DsaTest.testModifiedSignatures doesn't report errors

[bbc2]

DsaTest.testModifiedSignatures calls testVectors (source) with isValidDER: false and isValidBER: true. In such a case, errors++ will only be called if verifier.verify raises an exception different from SignatureException. As a result, non-DER signatures that are accepted by the provider (Sun or BouncyCastle) are not reported by this Wycheproof test.

For instance, the last signature in MODIFIED_SIGNATURES (source) seems to still be accepted as valid by the Sun provider on Java 1.8.0u162.

Can you confirm this? It looks like the if-else structure in testVectors (source) could be extended to account for those non-DER signatures that are accepted and verified by the provider.

[thaidn]

Thanks for your bug report.

Below is a reply from bleichen who can't access GitHub for now.

The signature that is accepted by the SUN provider is a legacy signature.
The provider is deliberately accepting the signature to be compatible with
some legacy implementation that formatted DSA signatures incorrectly.
I don't know what this legacy implementation is or whether it is still in use.
Since it is possible to generate a valid signature from the invalid one
by fixing the ASN format this does not introduce a vulnerability.

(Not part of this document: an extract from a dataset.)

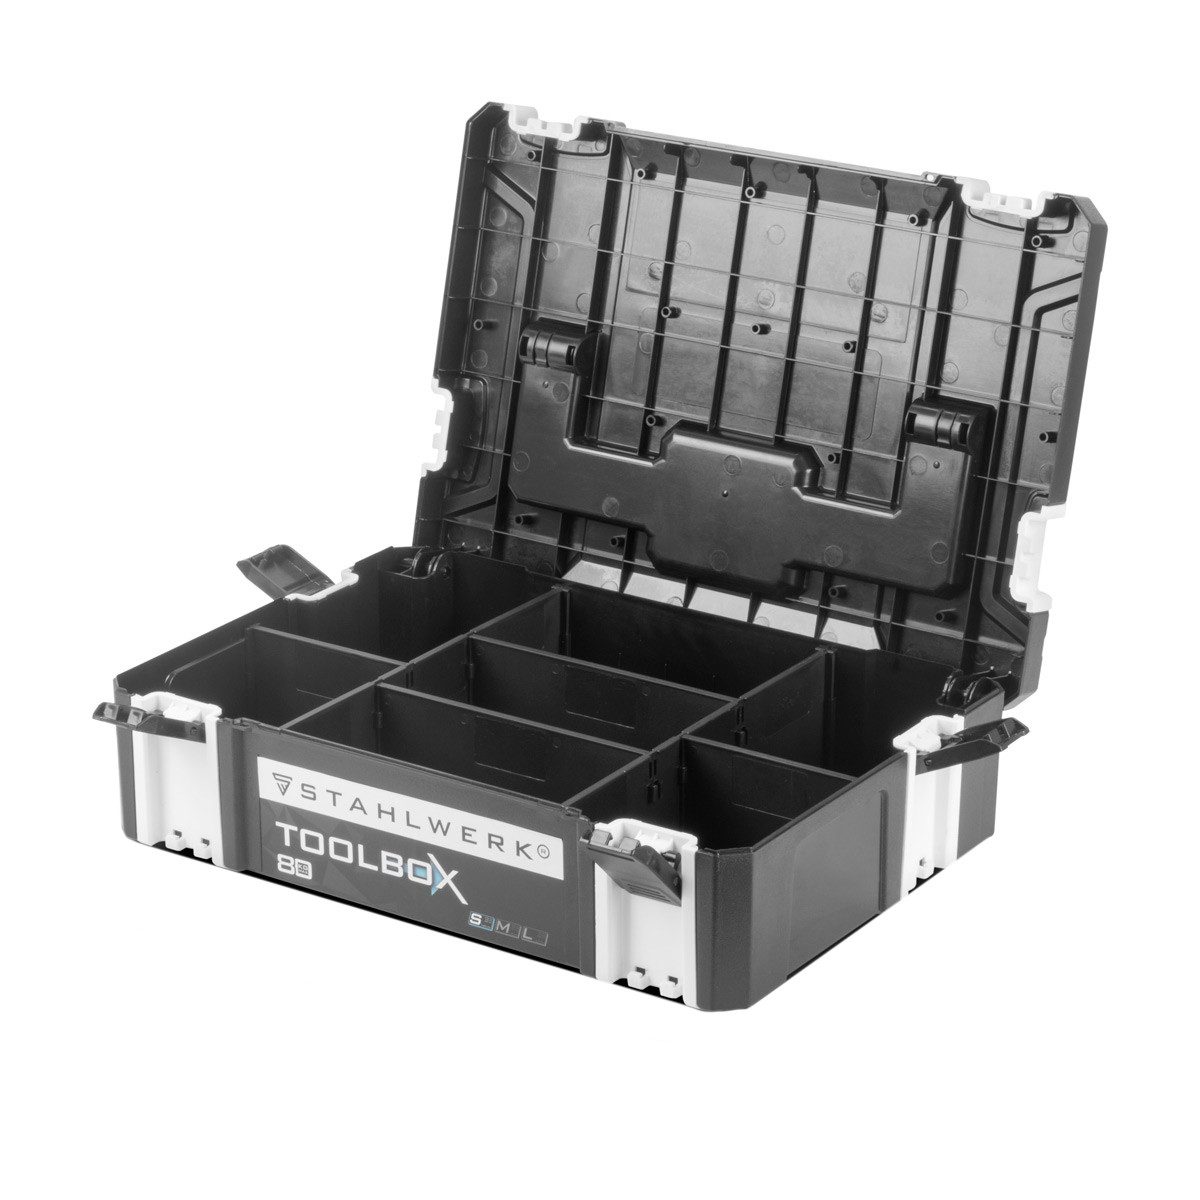 STAHLWERK Werkzeugbox Toolbox mit Innenfach Größe S 443 x 310 x 128 mm, stapelbare Systembox, Werkzeugkiste, Werkzeug-Organizer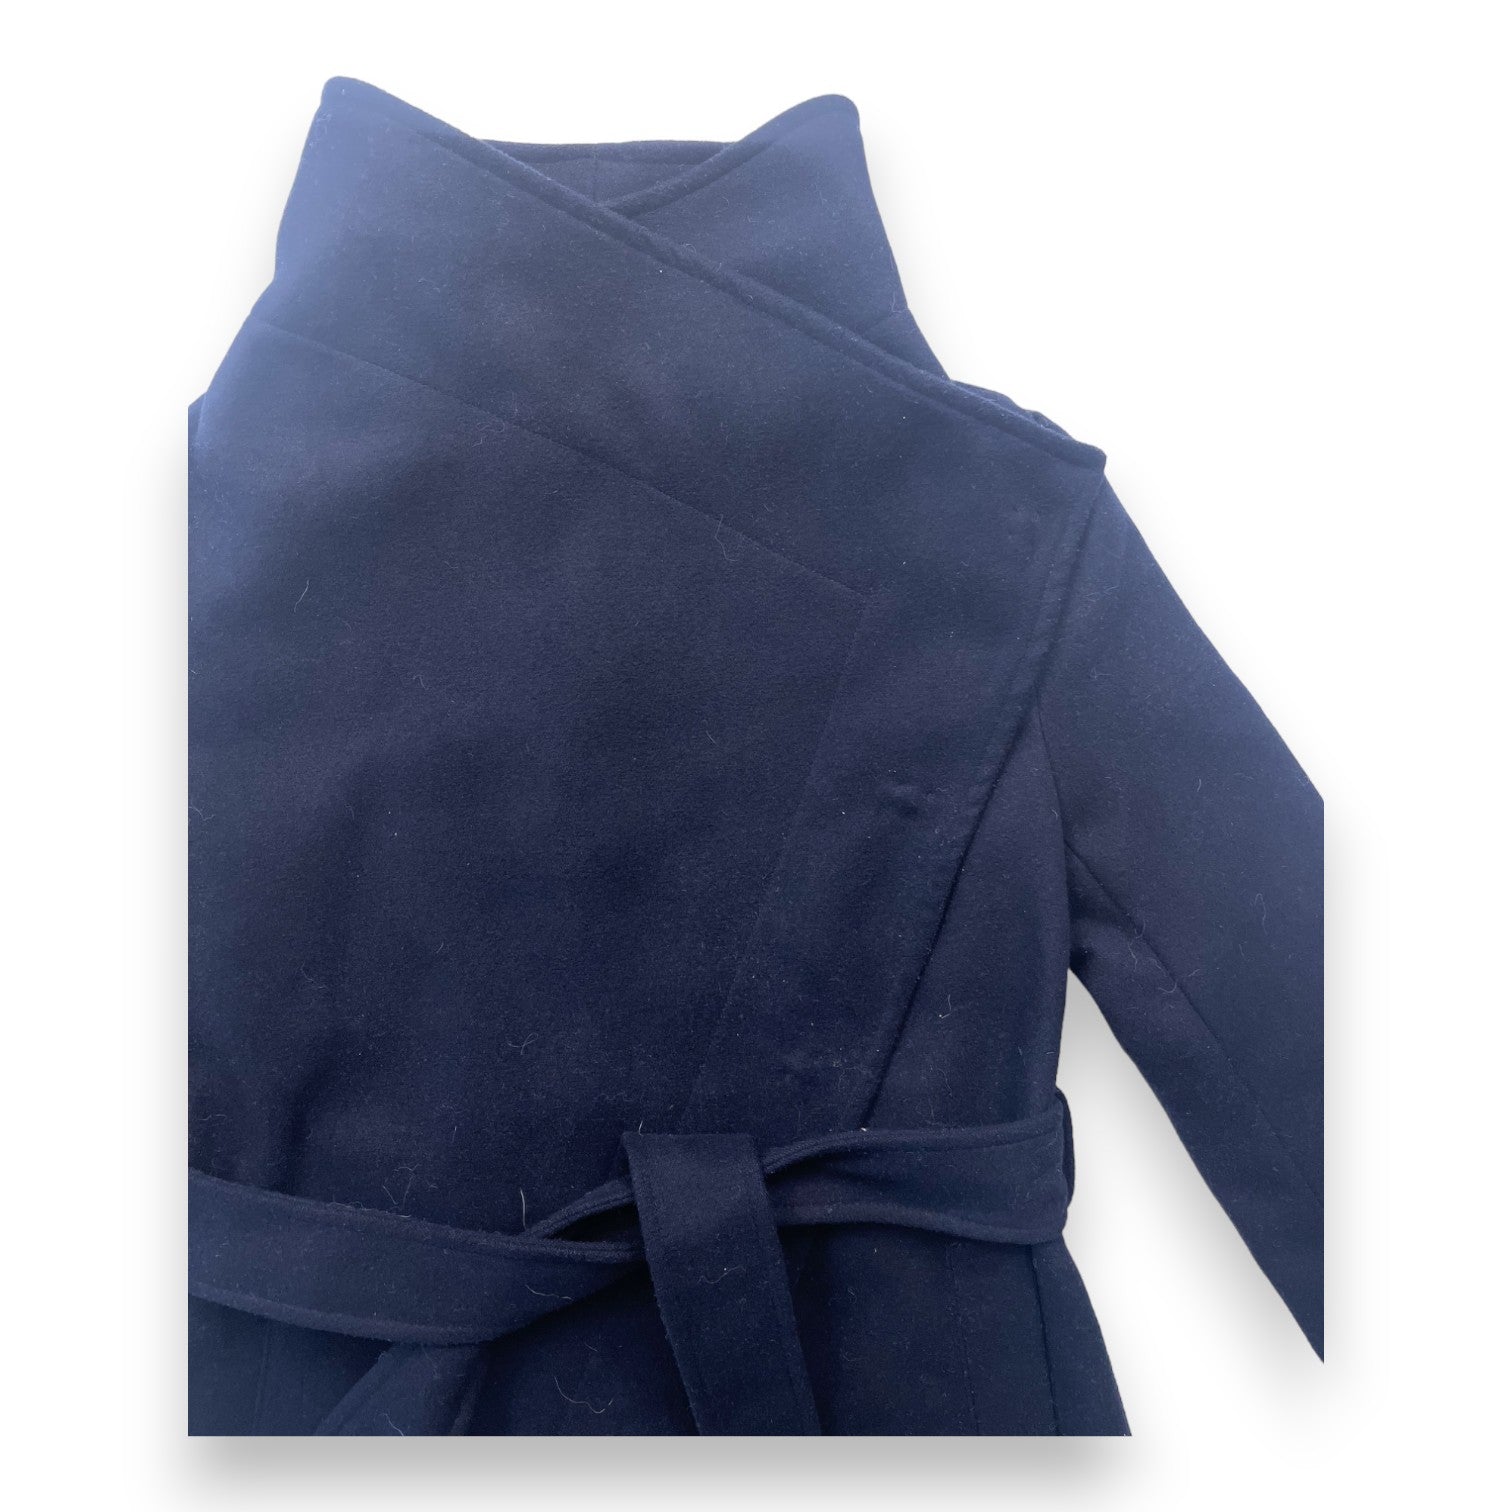 DKNY - Manteau bleu marine - 8 ans

We are currently working on switching the tests to a new version that
is using a JSON file for the test vectors. Each test vector has a status
that is either "valid", "invalid" or "acceptable". The expectation is that
a library accepts all signatures that are marked as "valid", rejects
all signatures marked as "invalid" and is free to accept or reject
signatures marked as "acceptable". The signature discussed above
is marked as "acceptable".

BTW, it still makes sense to test vectors marked as "acceptable", because
they should of course not crash an implementation. For Java implementations
we additionally expect for example that verify either returns a boolean or
throws a SignatureException. E.g., so that other exceptions are a clear sign
that there is a bug in the code or configuration.

[bleichen]

Sorry for the late reply.

It is probably possible to do some stricter checking now. When I wrote the first tests there
were too many libraries that did not care about ASN parsing, and so BER vs DER issues
had to be ignored just so that the bugs did not pass unnoticed.
I'm also working on documenting the test vectors better, so that it should be at least
possible to ignore test vectors for those cases where an implementer disagrees.

[bbc2]

Thanks for the explanation. That makes sense so I think the issue is solved for me. It would still be useful if, in the future, those accepted modified signatures could optionally be reported (like for avoiding malleability issues) but the tests are already very useful as they are.

[bleichen]

We are working on such a scheme. Though the details are still sketchy. The test vectors will be generally in JSON format, since that makes it easier to use them for other languages than just Java. These test vectors include comments and additionally a list of flags. There will be flags for BER encodings that are not DER or signature malleability. If it is easy enough to silence flaws that are not exploitable then it might also be possible to set stricter defaults.

…

On Wed, Mar 7, 2018 at 9:29 PM, Bertrand Bonnefoy-Claudet < ***@***.***> wrote: Thanks for the explanation. That makes sense so I think the issue is solved for me. It would still be useful if, in the future, those accepted modified signatures could optionally be reported (like for avoiding malleability issues) but the tests are already very useful as they are. — You are receiving this because you commented. Reply to this email directly, view it on GitHub <#44 (comment)>, or mute the thread <https://github.com/notifications/unsubscribe-auth/AYx_3r0CLt96RiQhapWnKz4NVU8za-2Lks5tcEMUgaJpZM4SCIH1> .

[thaidn]

@bbc2 check out the flags in https://github.com/google/wycheproof/blob/master/testvectors/ecdsa_secp256r1_sha256_test.json and other JSON files.

There might be future changes, but I guess this should enough if you want to skip certain malleability tests.

Please reopen if you have any further comments or questions.